DATA
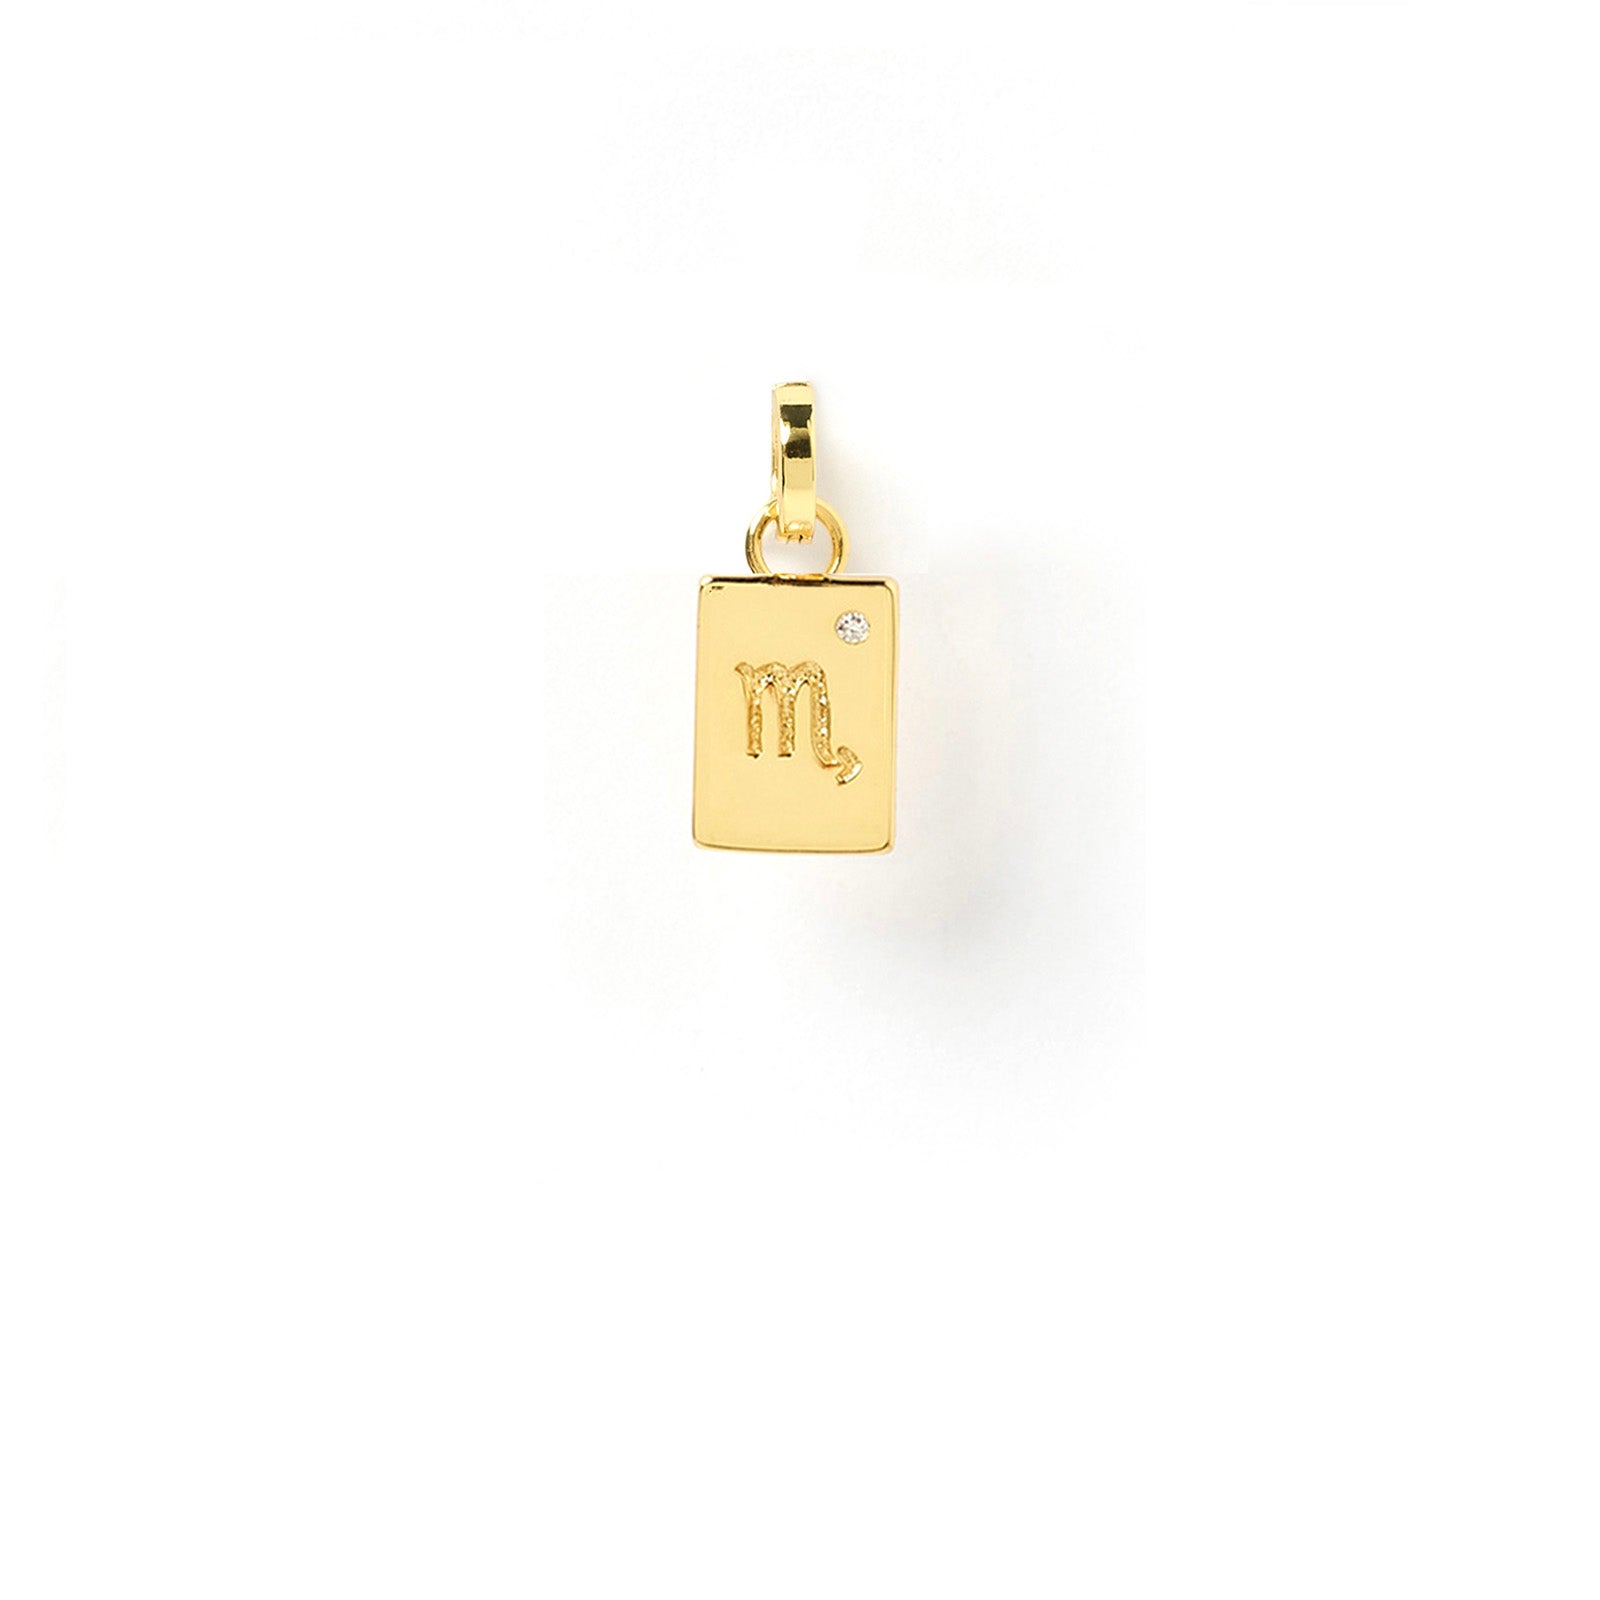 Arms Of Eve gold tag charm with the Scorpio zodiac sign and a diamond, a perfect combination for astrology enthusiasts
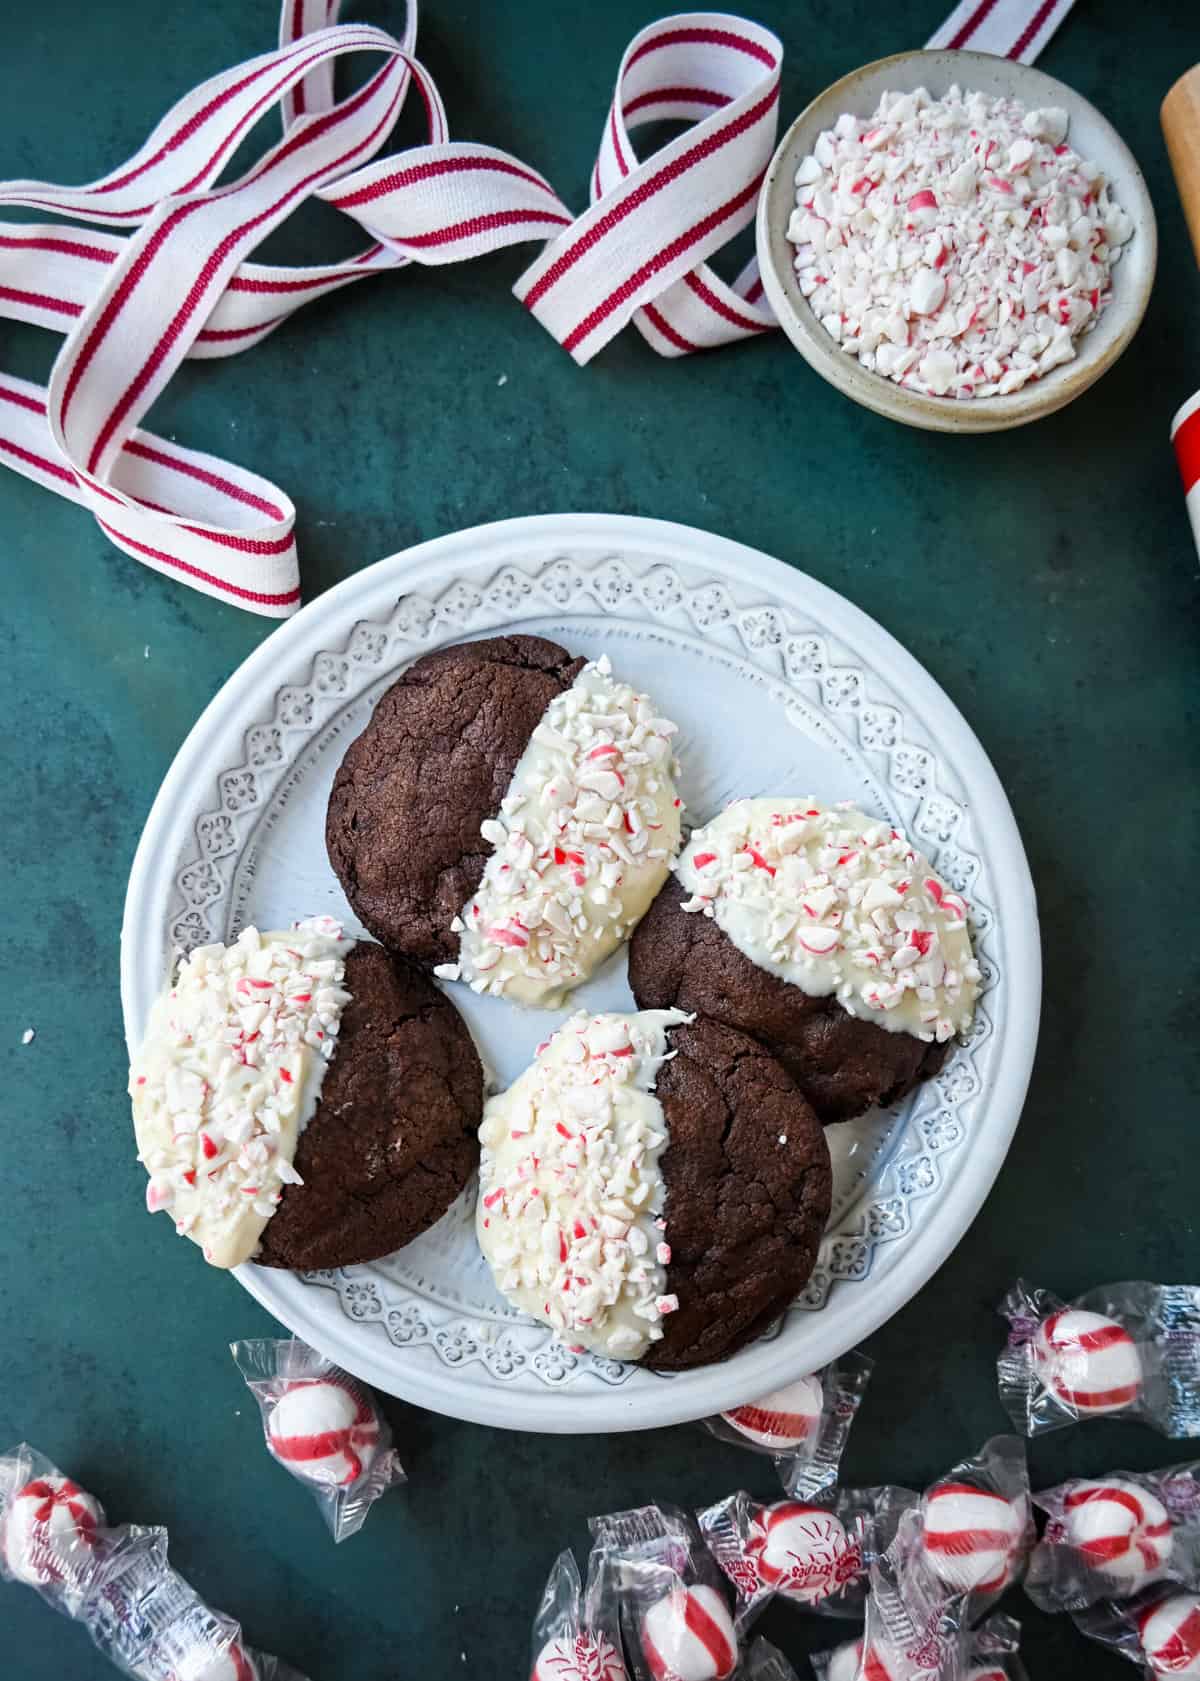 White Chocolate Dipped Peppermint Chocolate Cookies. The Double Chocolate Peppermint Cookies are soft baked, rich double chocolate brownie cookies dipped in white chocolate and covered with peppermint candy canes. The perfect Christmas holiday cookie recipe.
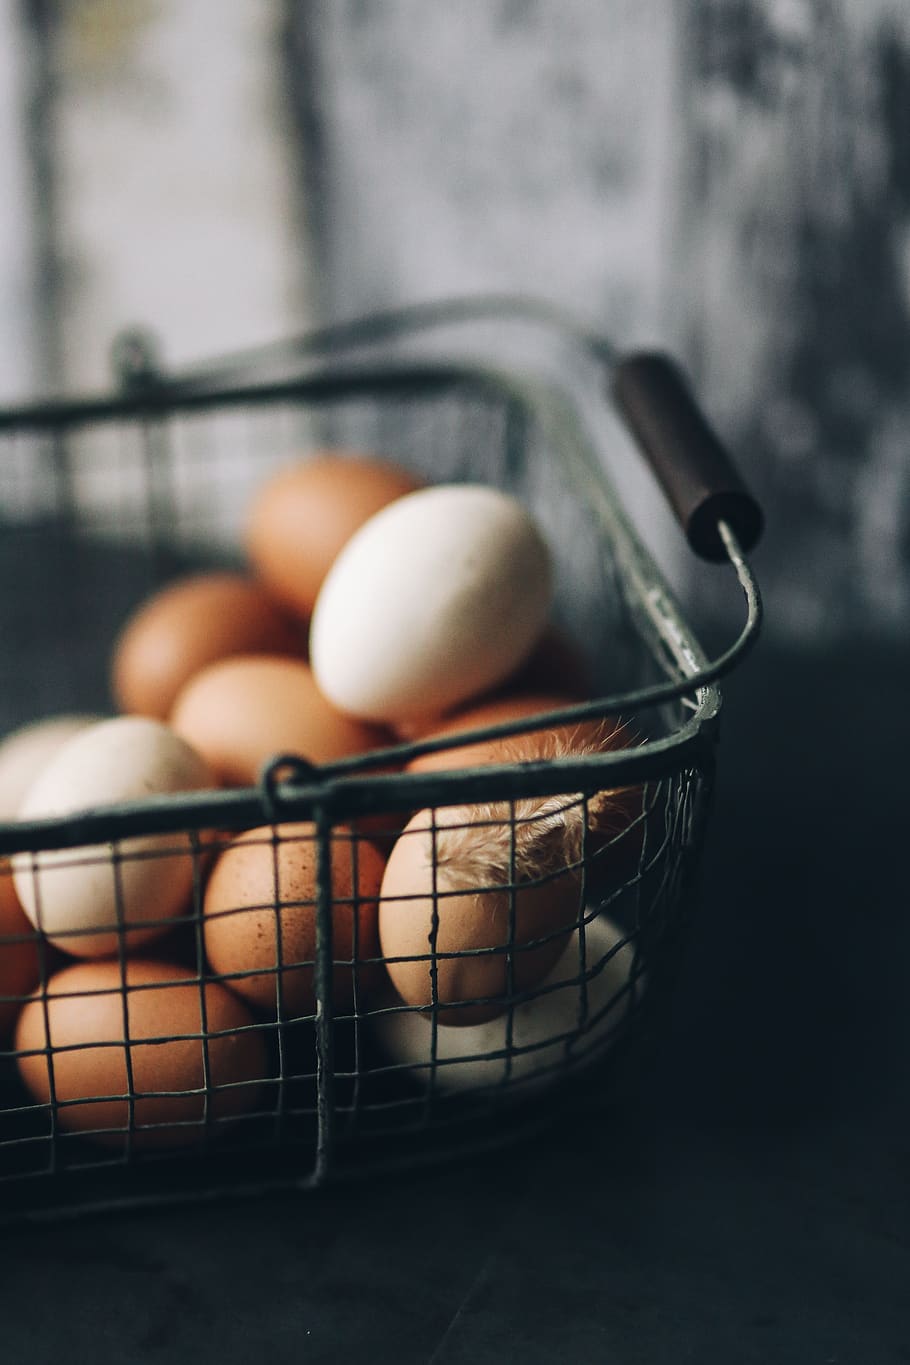 basket, eggs, wire, Metal, food and drink, egg, food, still life, healthy eating, container
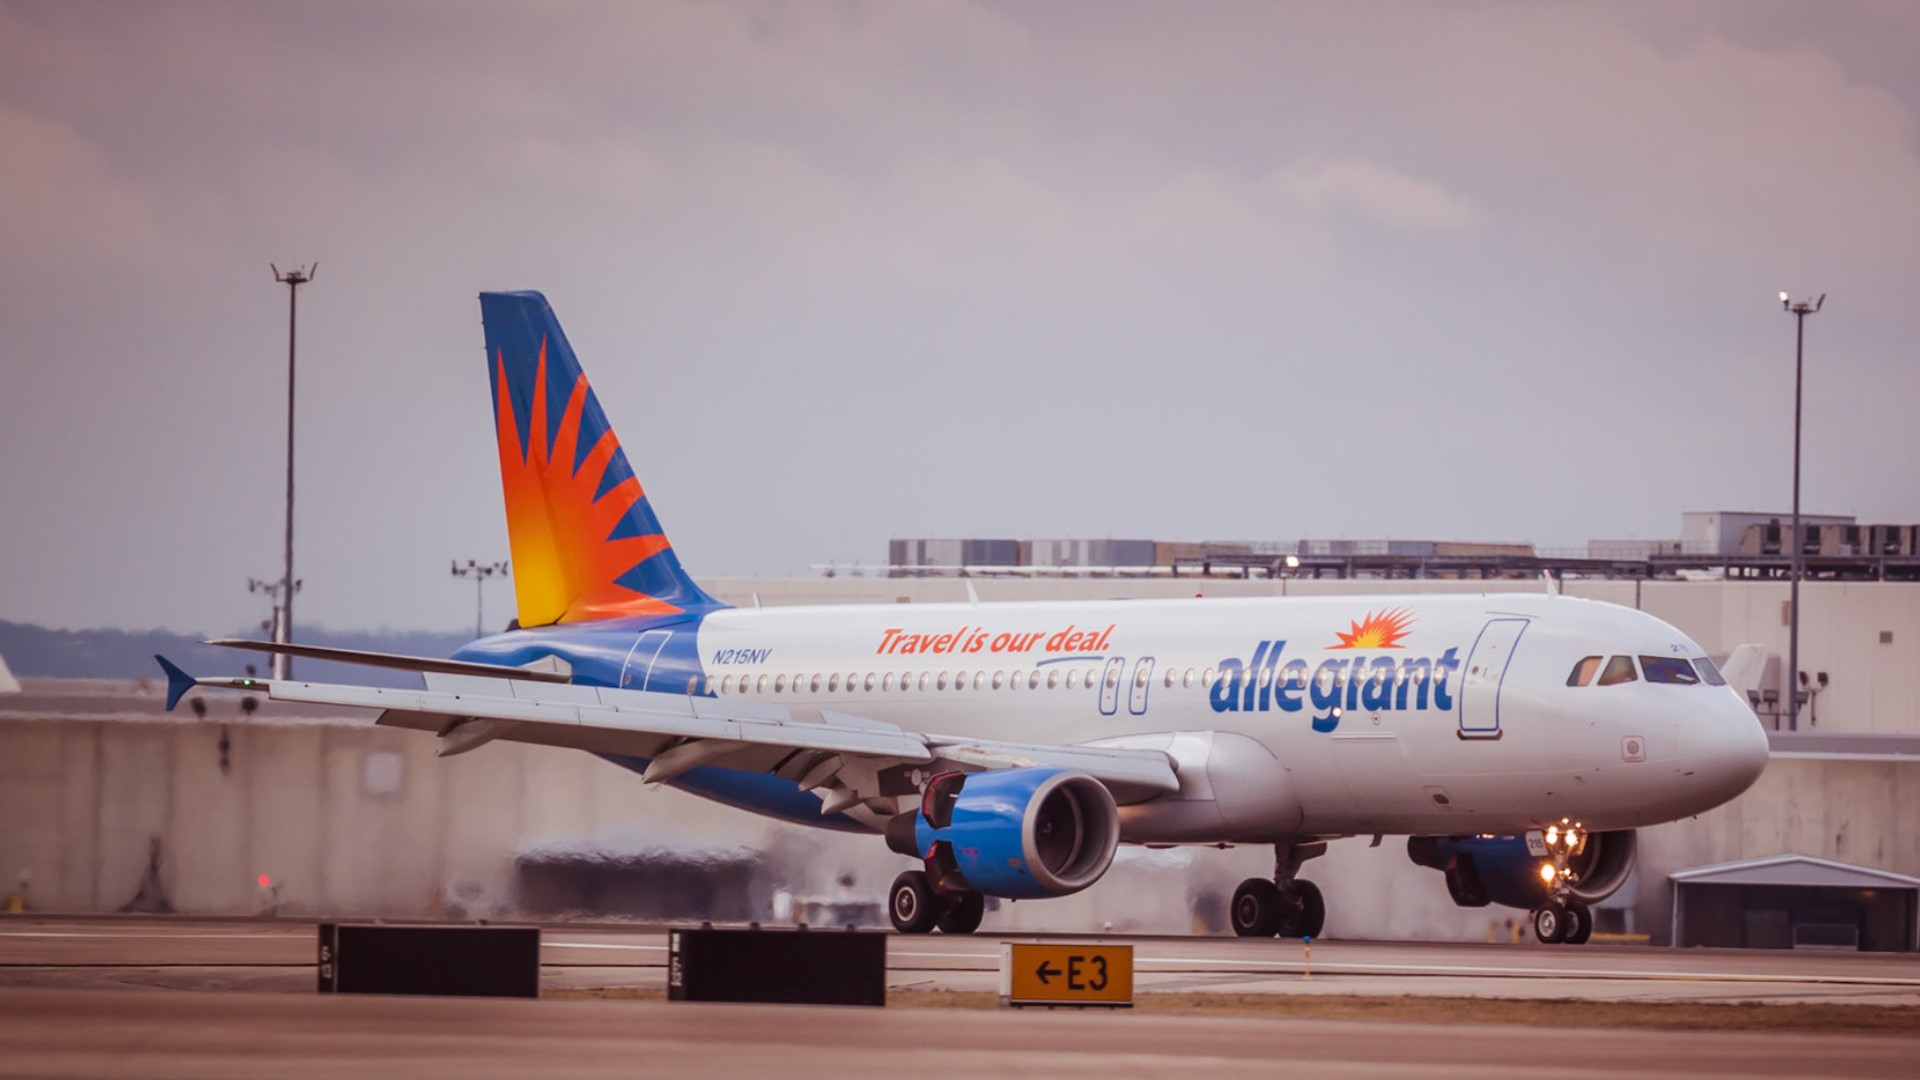 The service from Allegiant Air was supposed to begin in 2020, but was delayed because of the coronavirus pandemic.
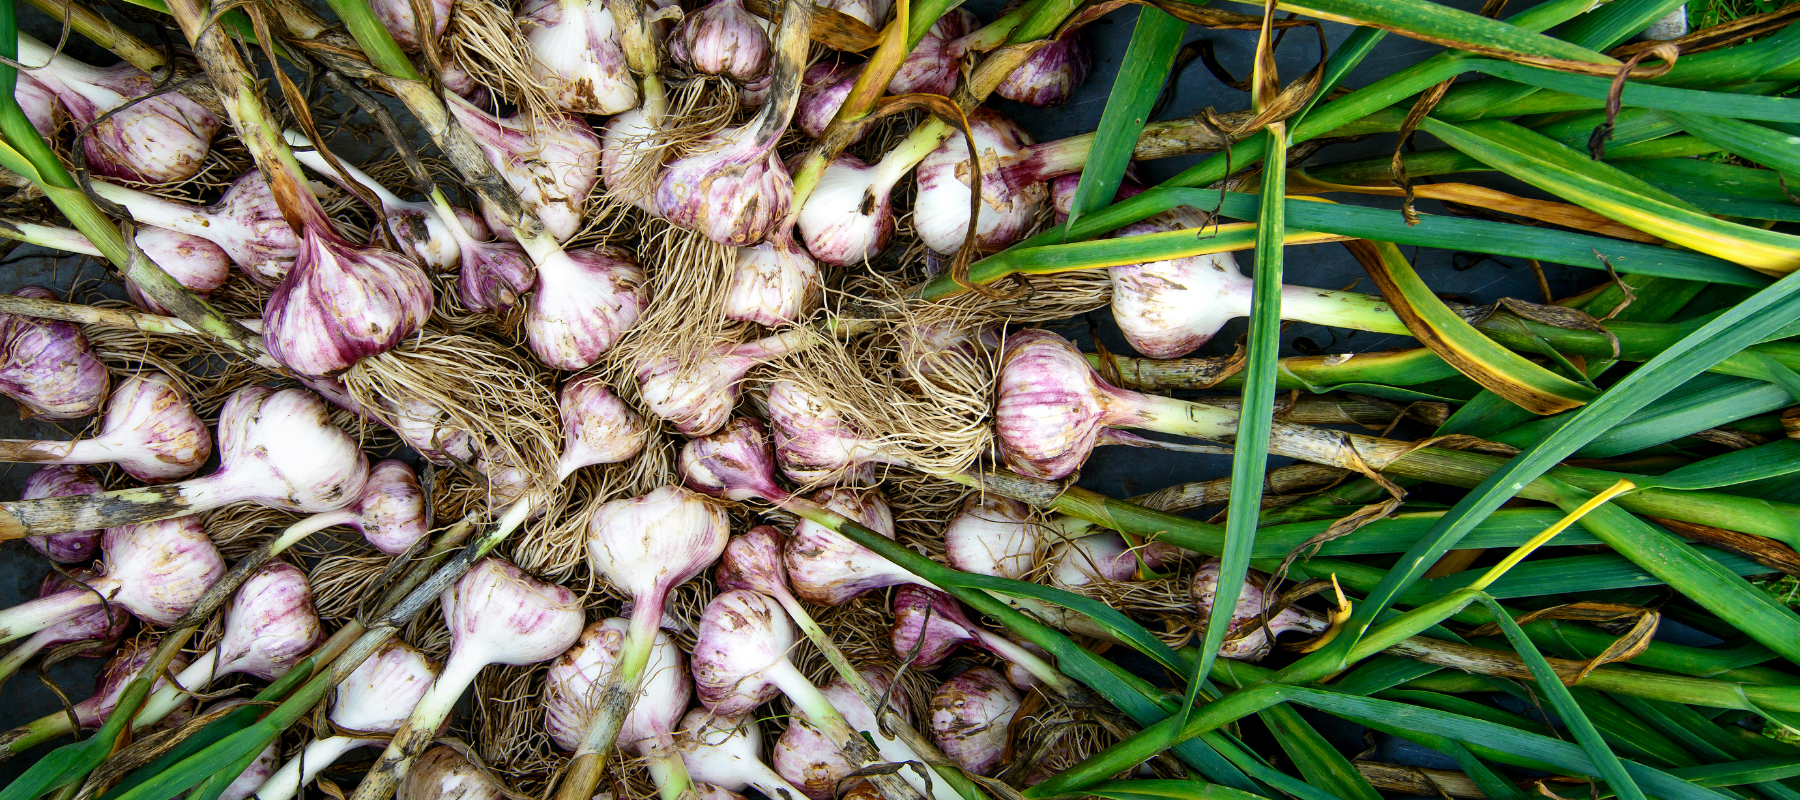 5 easy steps to growing garlic

DIRECTIONS FOR THIS TASK
Please reprint the whole listing exactly and omit its pictures.

TASK RESULT
 Arms Of Eve gold tag charm with the Scorpio zodiac sign and a diamond, a perfect combination for astrology enthusiasts
 White Chocolate Dipped Peppermint Chocolate Cookies. The Double Chocolate Peppermint Cookies are soft baked, rich double chocolate brownie cookies dipped in white chocolate and covered with peppermint candy canes. The perfect Christmas holiday cookie recipe.
 basket, eggs, wire, Metal, food and drink, egg, food, still life, healthy eating, container
 The service from Allegiant Air was supposed to begin in 2020, but was delayed because of the coronavirus pandemic.
 5 easy steps to growing garlic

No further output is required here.